Exception culturelle : mythe ou réalité ?
Non sans mal, la France, droit de veto aidant, a obtenu que l'audiovisuel soit exclu des négociations sur l'accord de libre-échange entre l'Union européenne et les Etats-Unis. José-Manuel Barroso, le président de la Commission européenne, était résolument hostile à cette mesure. Certes parce que convoitant la présidence de l'ONU, il ne voulait pas se mettre les USA à dos. Certes parce que cette concession appellera un renvoi d'ascenseur sur d'autres secteurs. Mais aussi peut-être parce que la culture américaine est déjà largement dominante en Europe.
Les chiffres sont parlants. Les films américains détiennent 45% du marché français contre seulement 40% pour les films français. En Europe, le contenu produit aux Etats-Unis représente plus de 60 % des programmes de radio et de télévision. Ce qui amène le Wall Street Journal à constater que "même en France", les programmes de télévision en "prime time" les plus populaires sont les mêmes qu'aux Etats-Unis.
L'agitation ne serait donc que de façade, uniquement destinée à maintenir une industrie du film sous perfusion de subventions. La bataille de la culture, elle, serait déjà gagnée par l'Oncle Sam. Un constat qui pose par ricochet la question du contenu proposé par le service public audio-visuel français qui use et abuse, à peine moins que les chaînes privées, des séries et émissions venues de l'autre côté de l'atlantique. Des séries qui façonnent culturellement, dans l'indifférence générale, des générations entières de français, en pénétrant, puisque c'est la force de la petite lucarne dans tous les foyers, dans tous les milieux.
"L'impérialisme culturel est la forme la plus pernicieuse du colonialisme en ce qu'il obscurcit la conscience" écrivait il y a plusieurs décennies Léopold Sédar Senghor (en illustration). Comment parler de défense de l'exception culturelle française quand les pseudos élites se vautrent dans l'usage de l'anglais et ne défendent même plus le français dans notre pays et dans les institutions internationales où son usage est de droit ?

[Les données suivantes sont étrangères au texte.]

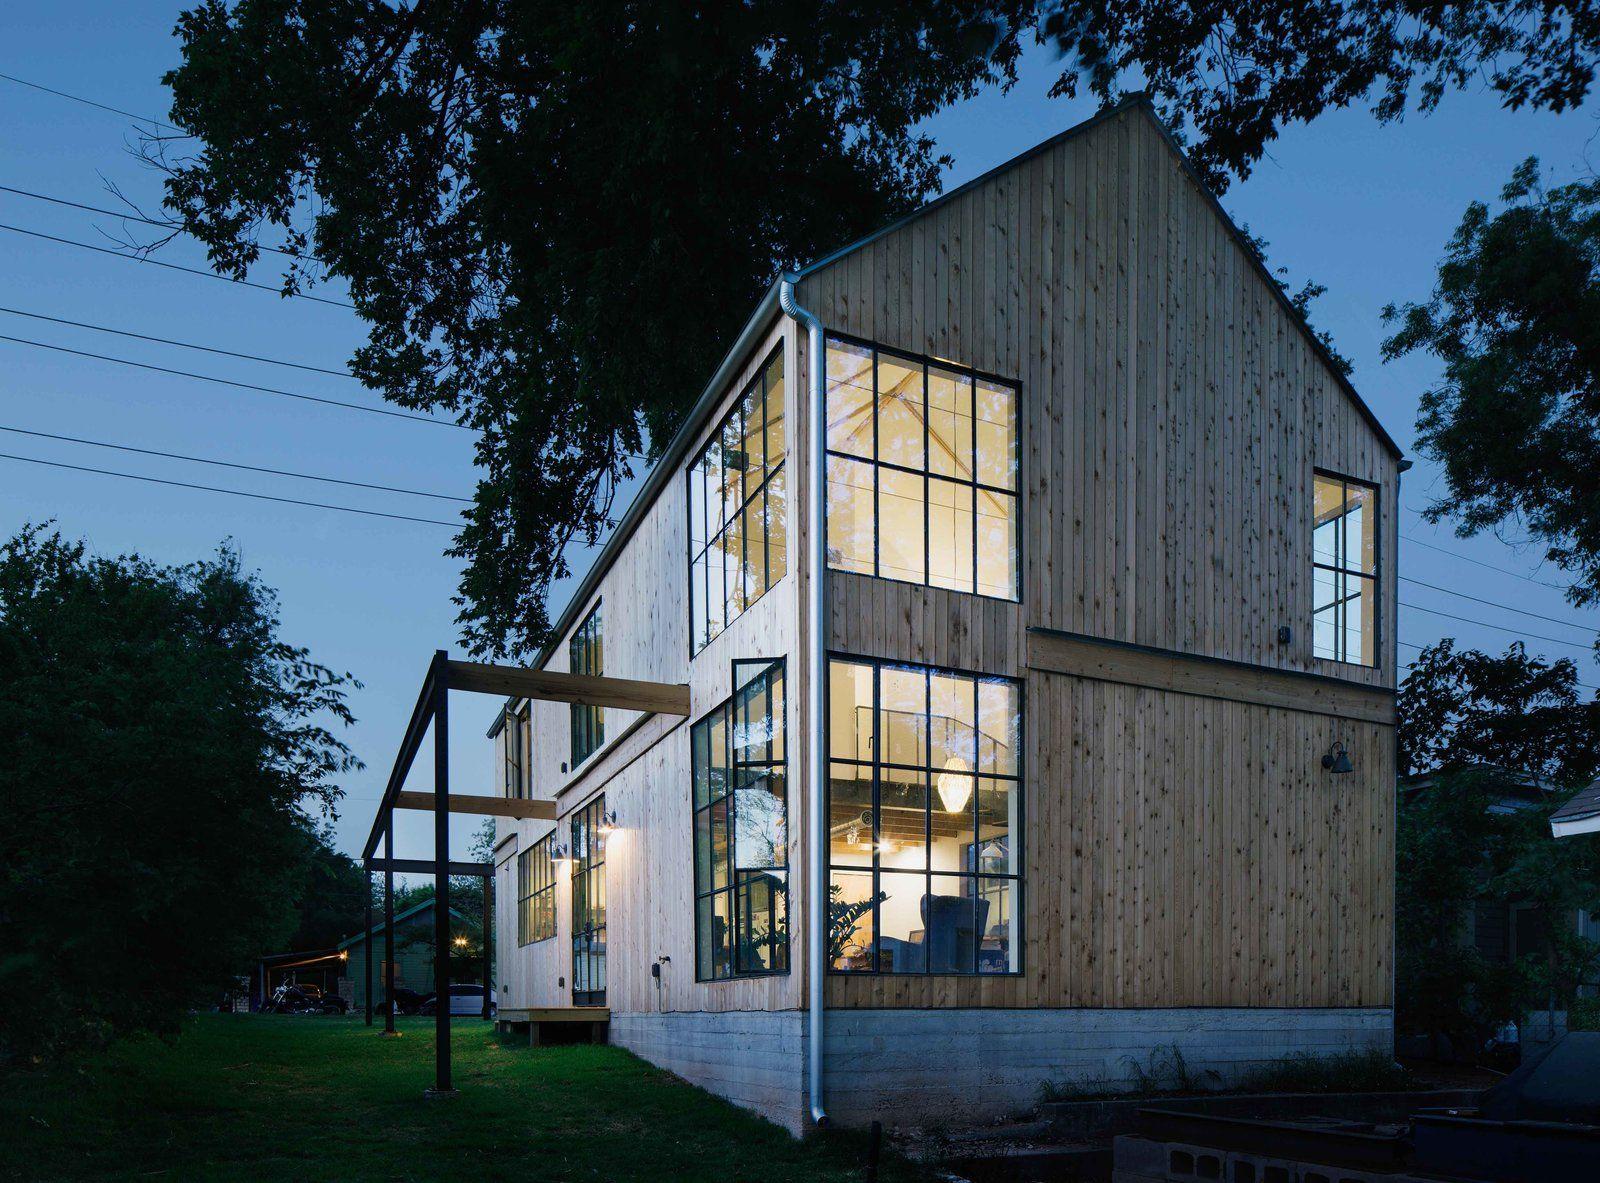 Shane Michael Pavonetti Austin-based Architect And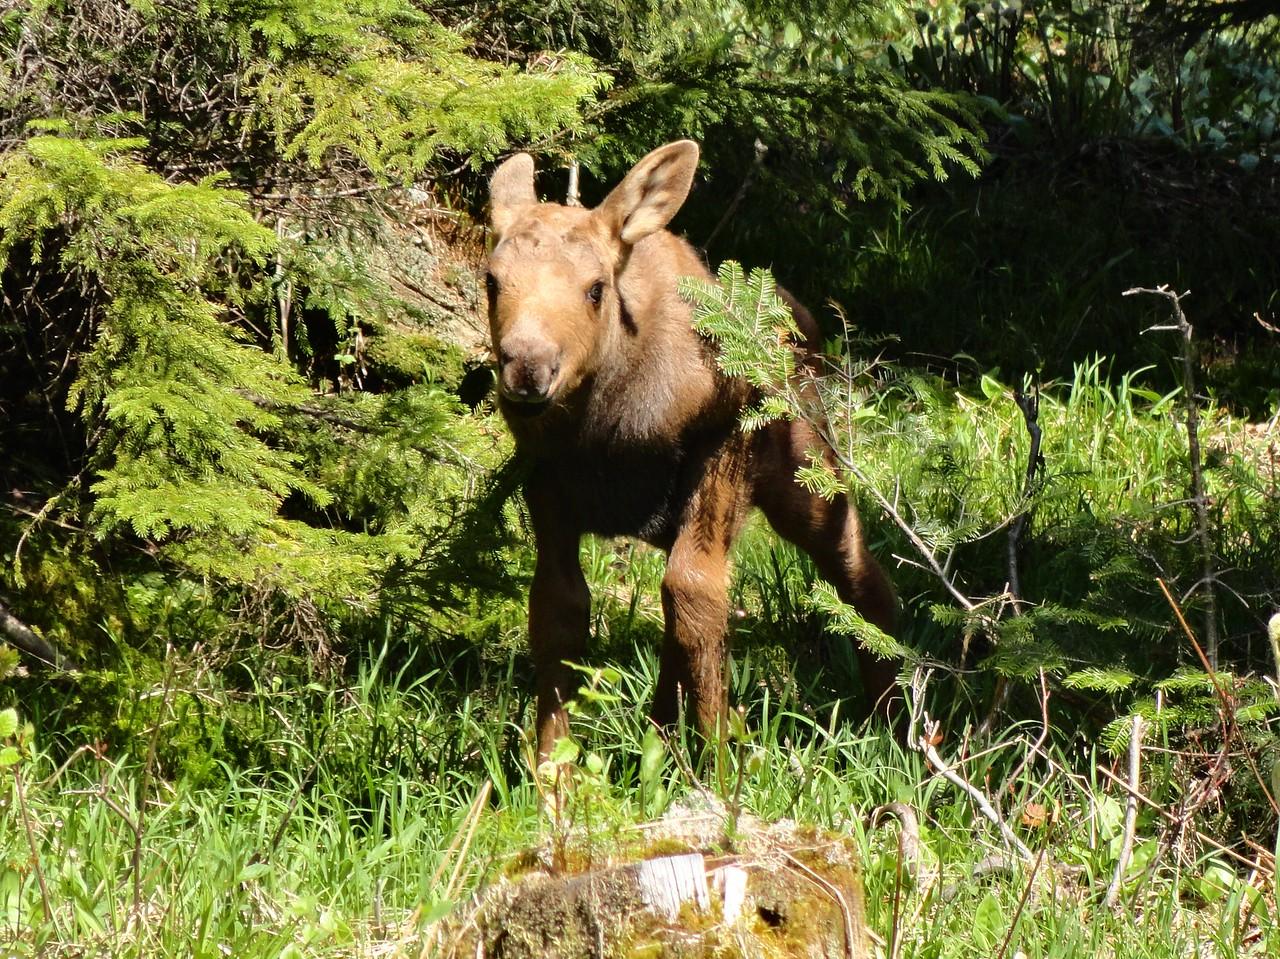 Newborn moose calf, May 2012

La mode est au globish (contraction de global et english), ce mauvais anglais de 1500 mots qui rétrécit tout et dégrade en qualité les concepts. Comme si on pouvait être fier de parler ce petit nègre des temps modernes. Comme si c'était devenu un progrès d'échanger avec le vocabulaire d'un enfant de 5 ans. A moins d'être provocateur et de se demander si, comme pour les droits sociaux, la forme de mondialisation actuelle, dominante, ne tirerait pas les cultures vers le bas en imposant un produit standardisé, bas de gamme.
"Le premier instrument du génie d'un peuple, c'est sa langue" disait Stendhal. On aimerait désormais que les autorités hexagonales mettent la même intransigeance et la même détermination à défendre notre langue, vecteur de notre identité culturelle, et la francophonie qu'elles en ont mis d'énergie à jouer les chevaliers d'une petite industrie aux gros salaires.